## Given information:
--- START ---

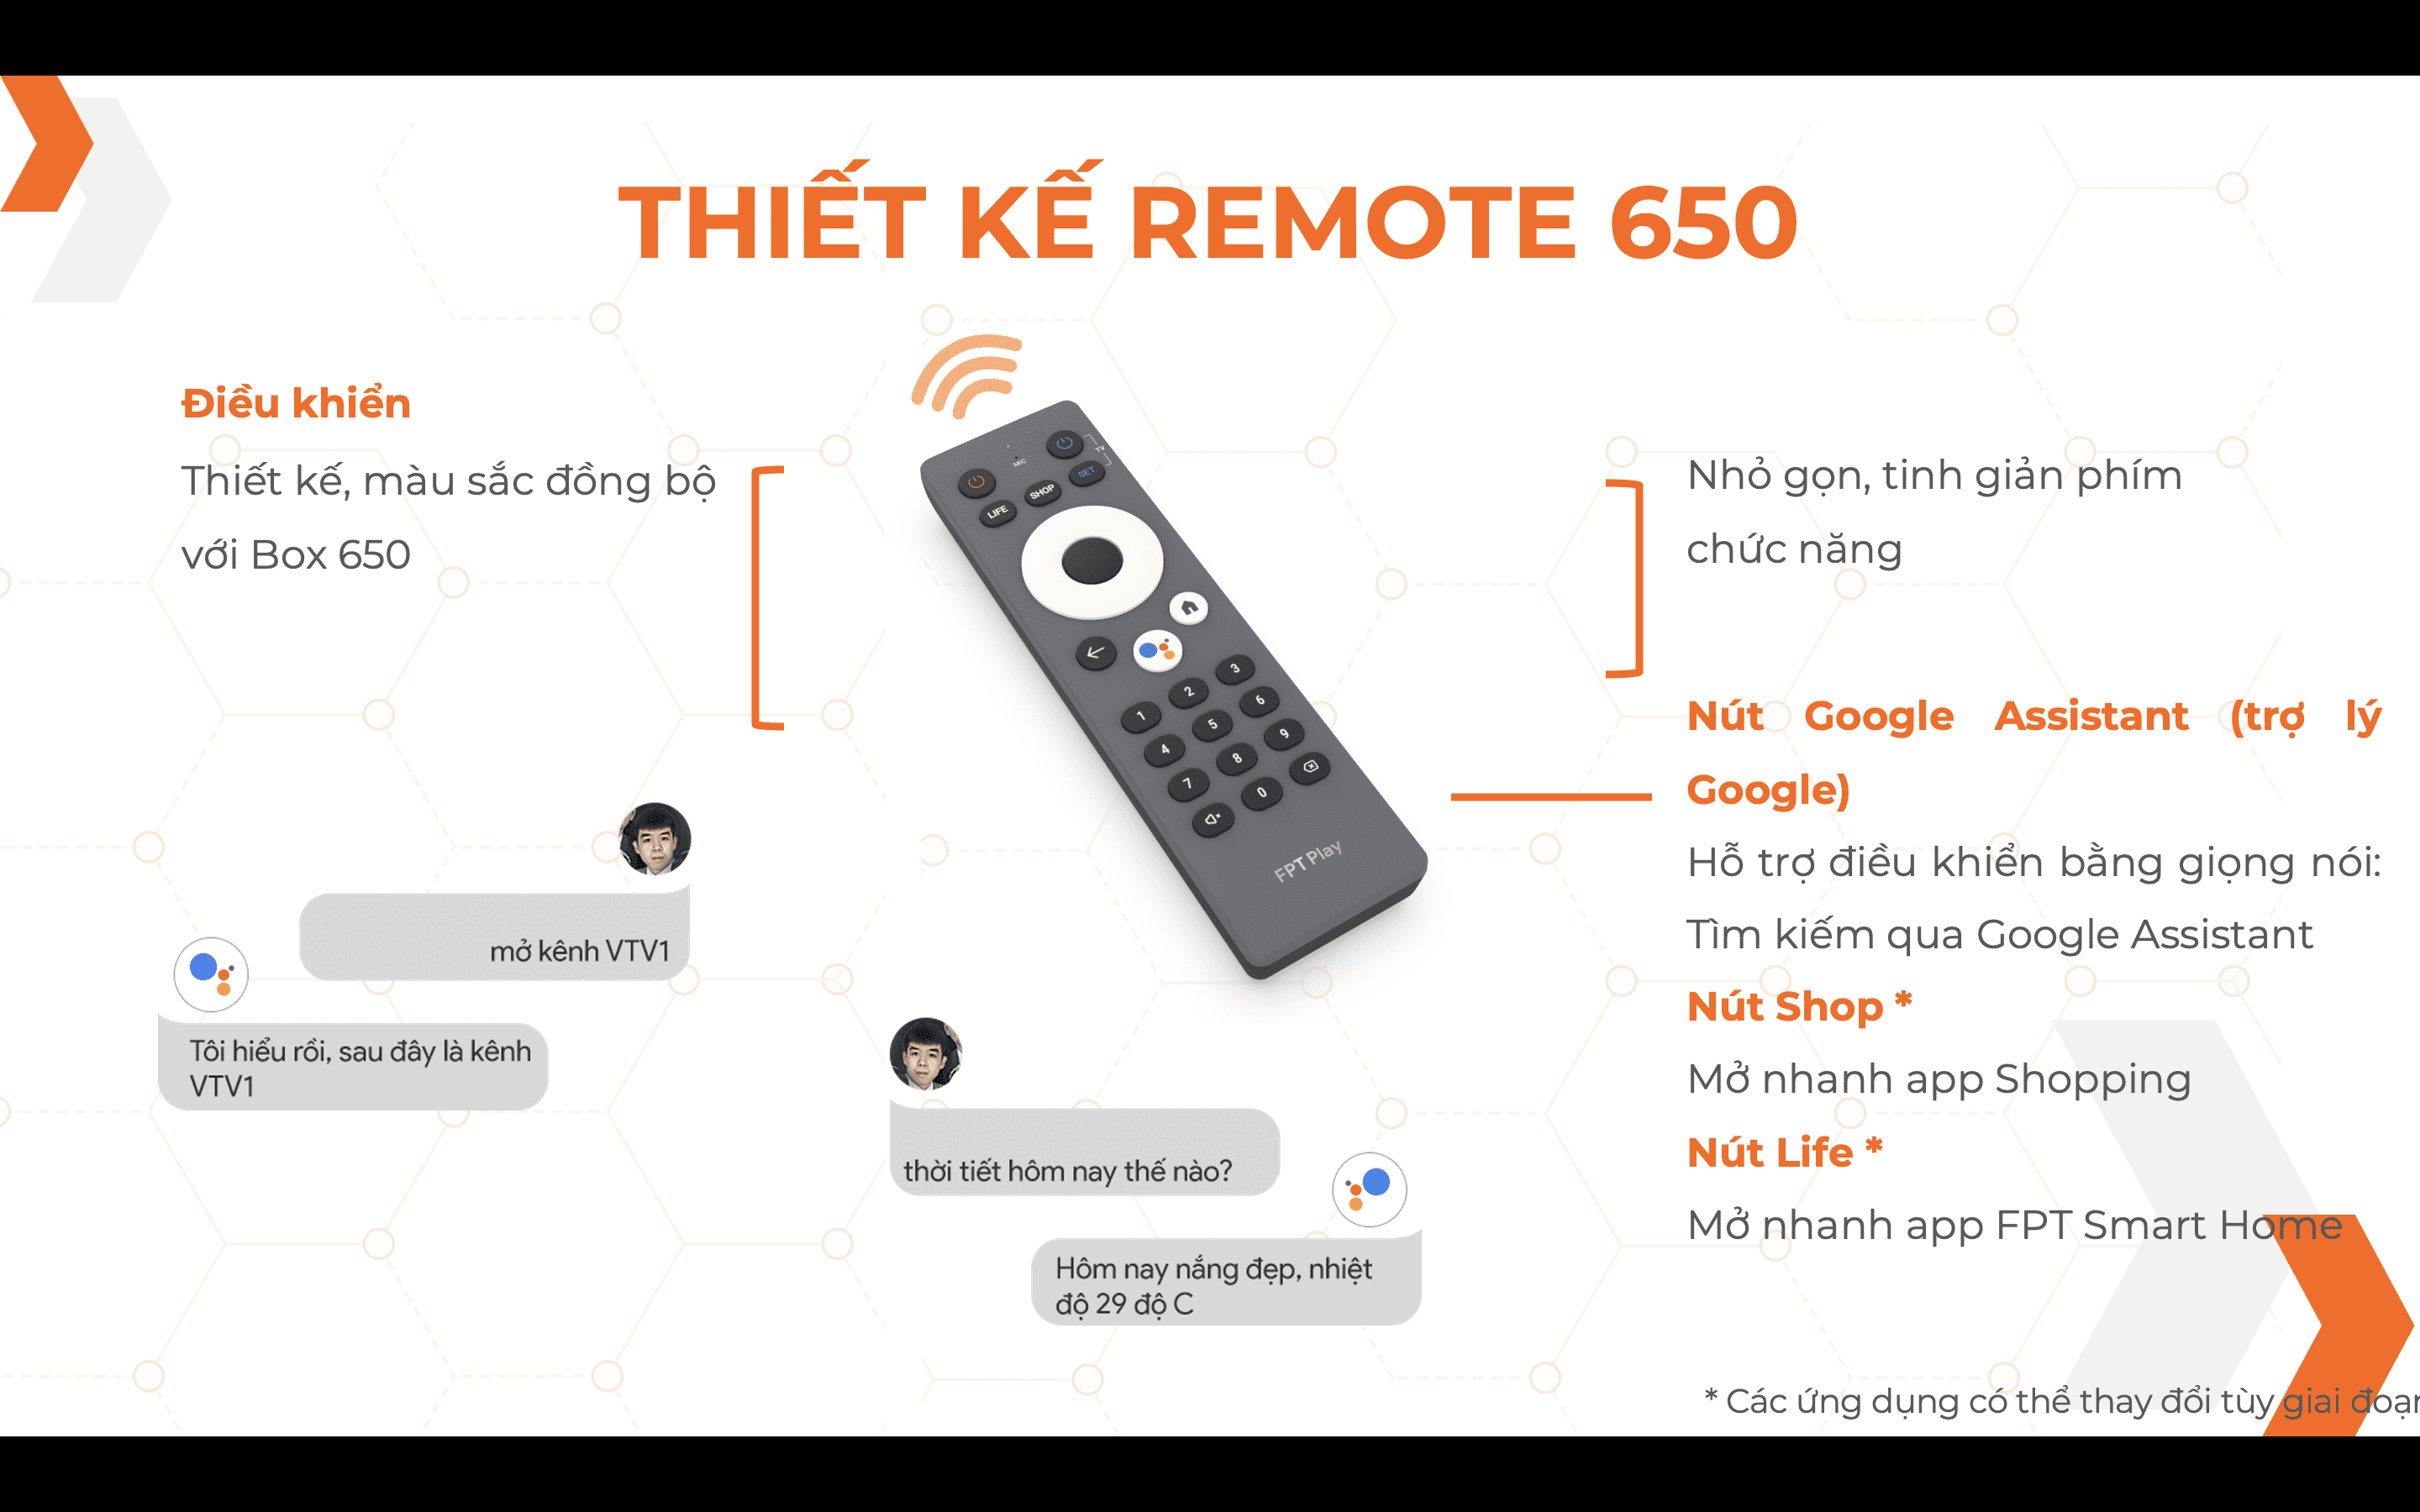 Thiết kế remote 650
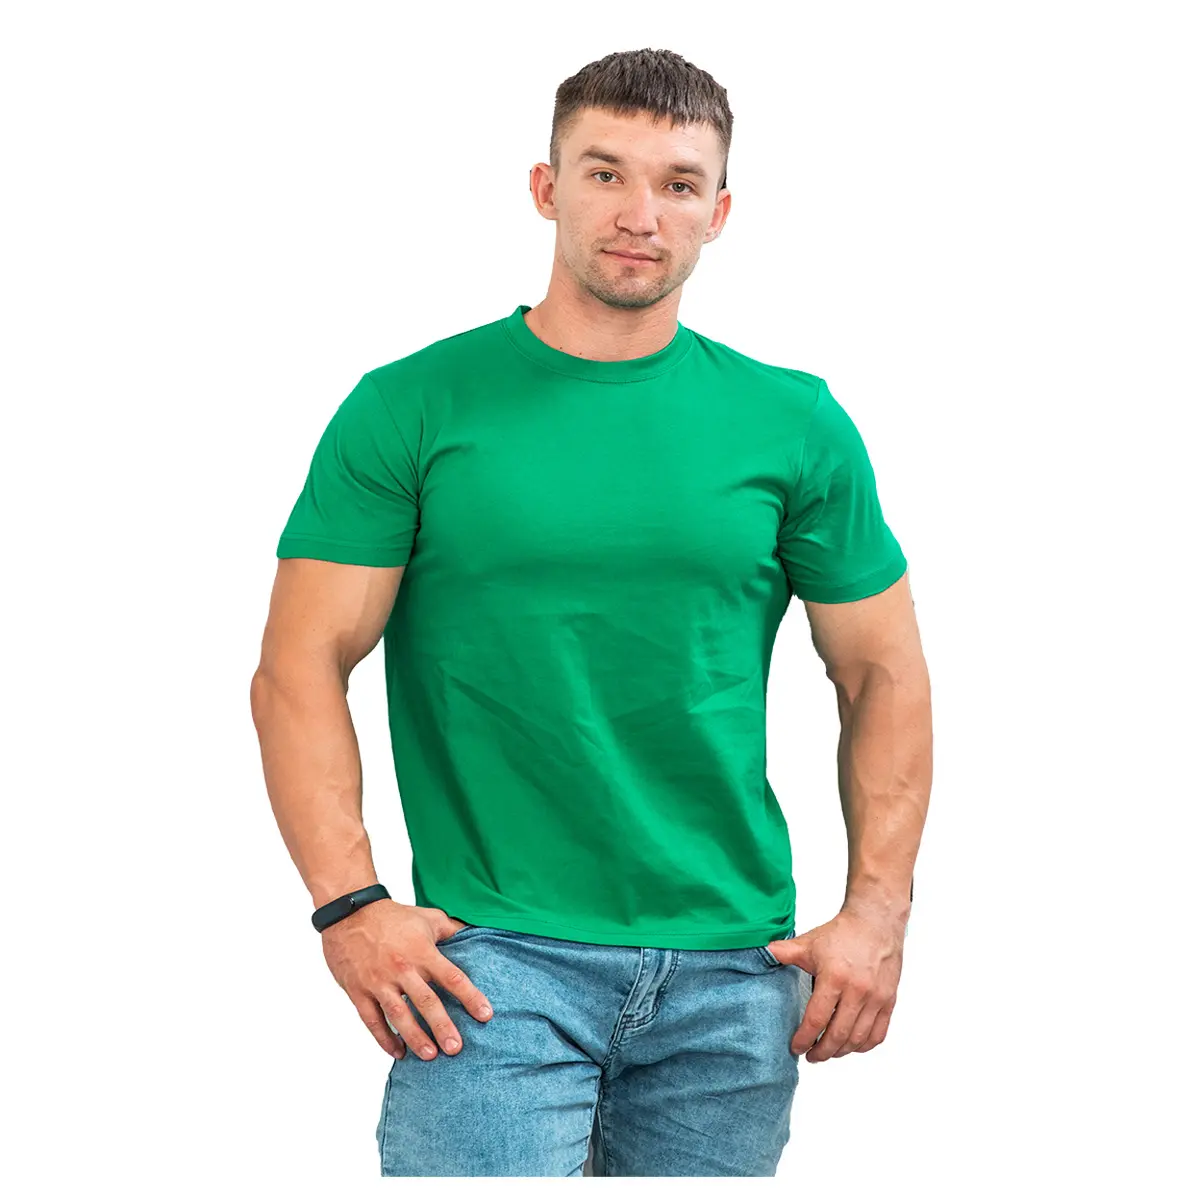 Kaus pria berkualitas tinggi terbuat dari 100% katun Harga produsen pakaian katun untuk dijual
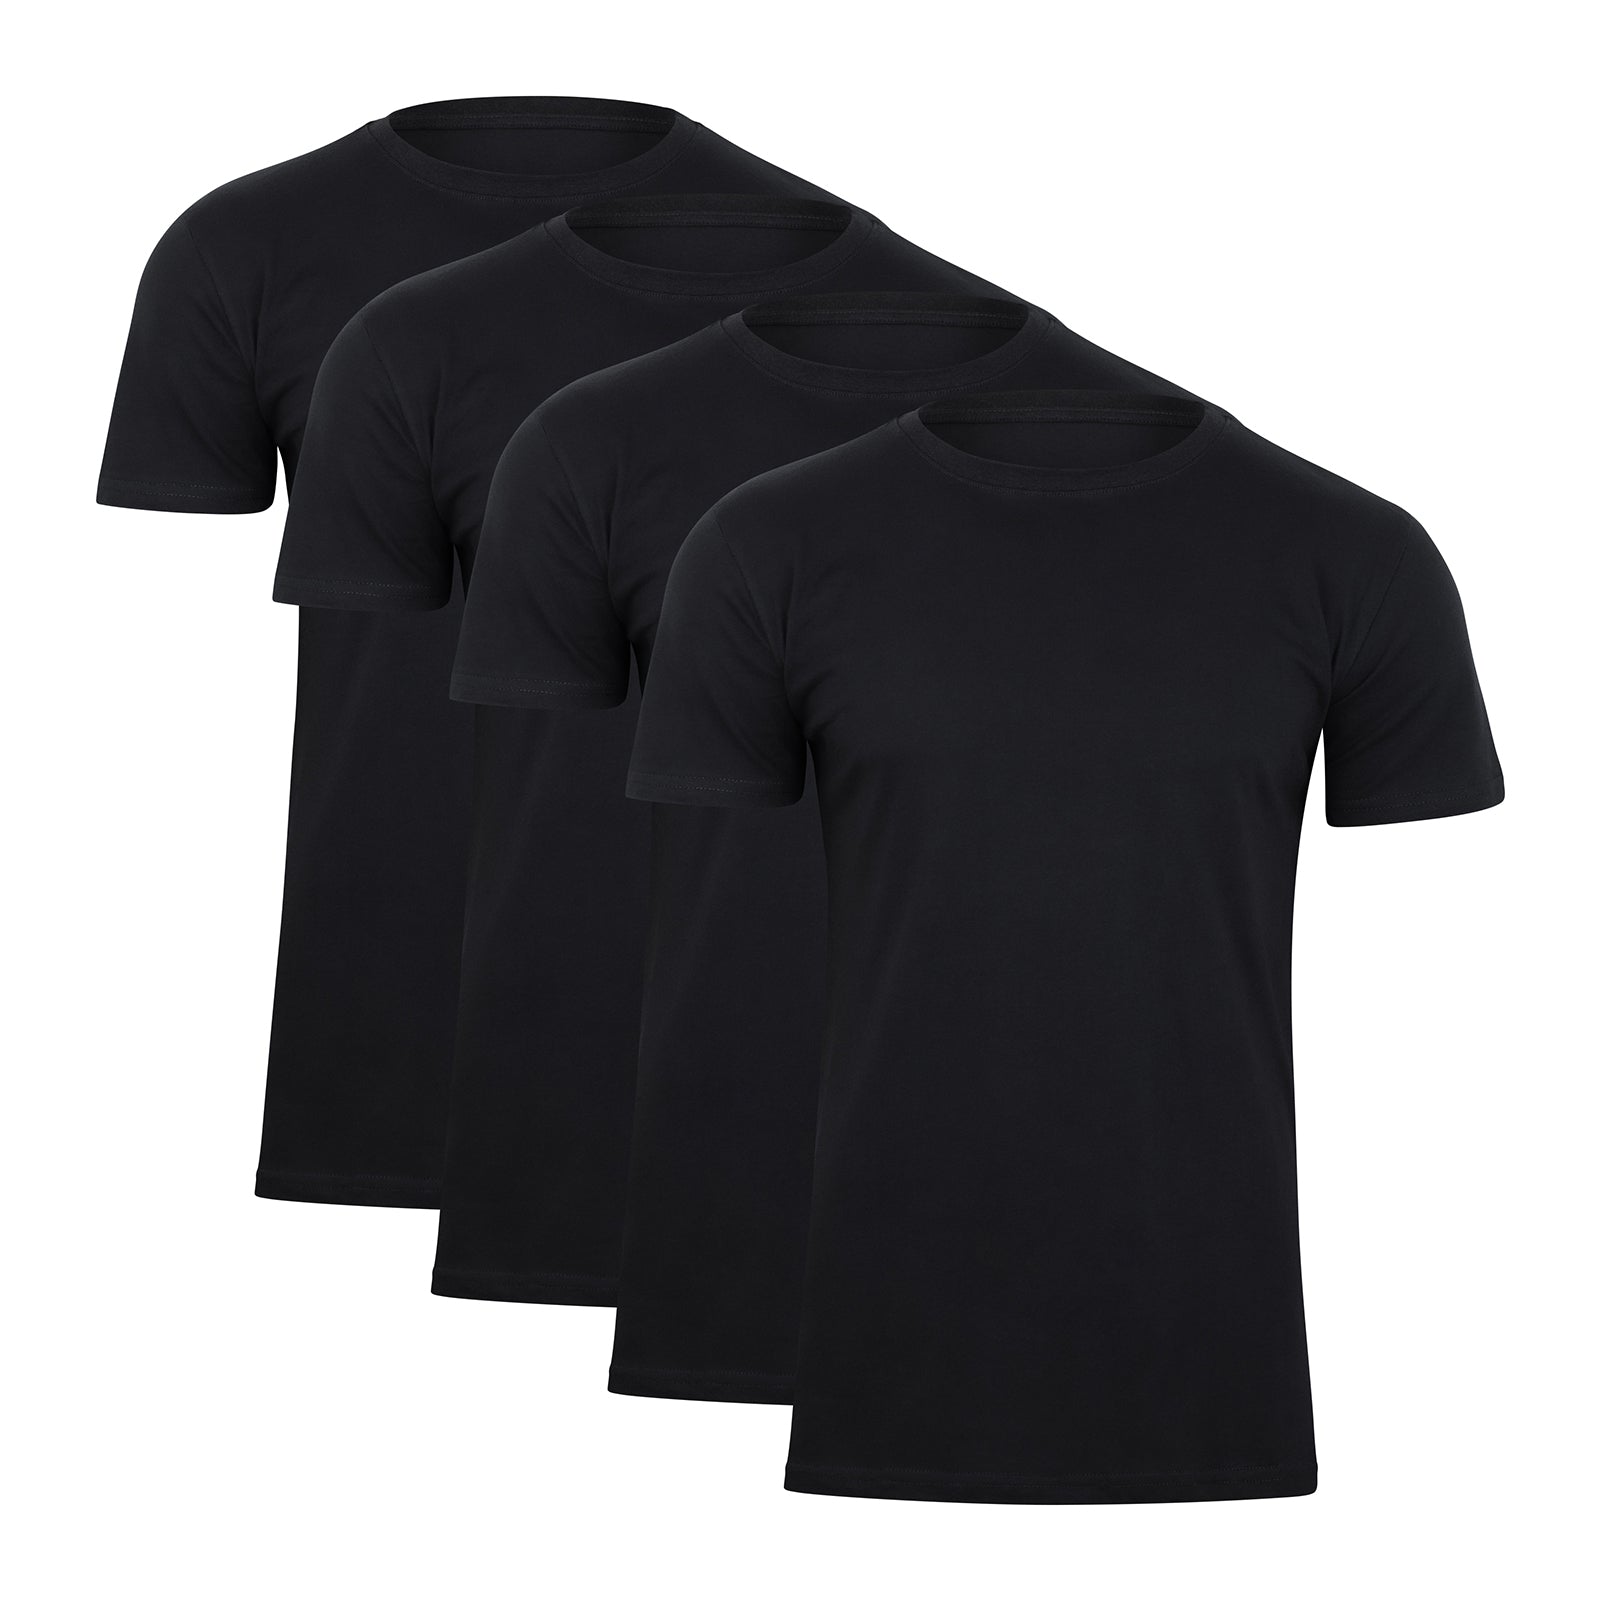 Paolo Renzo® Rundhals T-Shirt 2/4 oder 8 Stück - Größen M, L, XL, XXL, 3XL

--- END ---

Write out every line above again exactly, with the pictures left out.

 Thiết kế remote 650
 Kaus pria berkualitas tinggi terbuat dari 100% katun Harga produsen pakaian katun untuk dijual
 Paolo Renzo® Rundhals T-Shirt 2/4 oder 8 Stück - Größen M, L, XL, XXL, 3XL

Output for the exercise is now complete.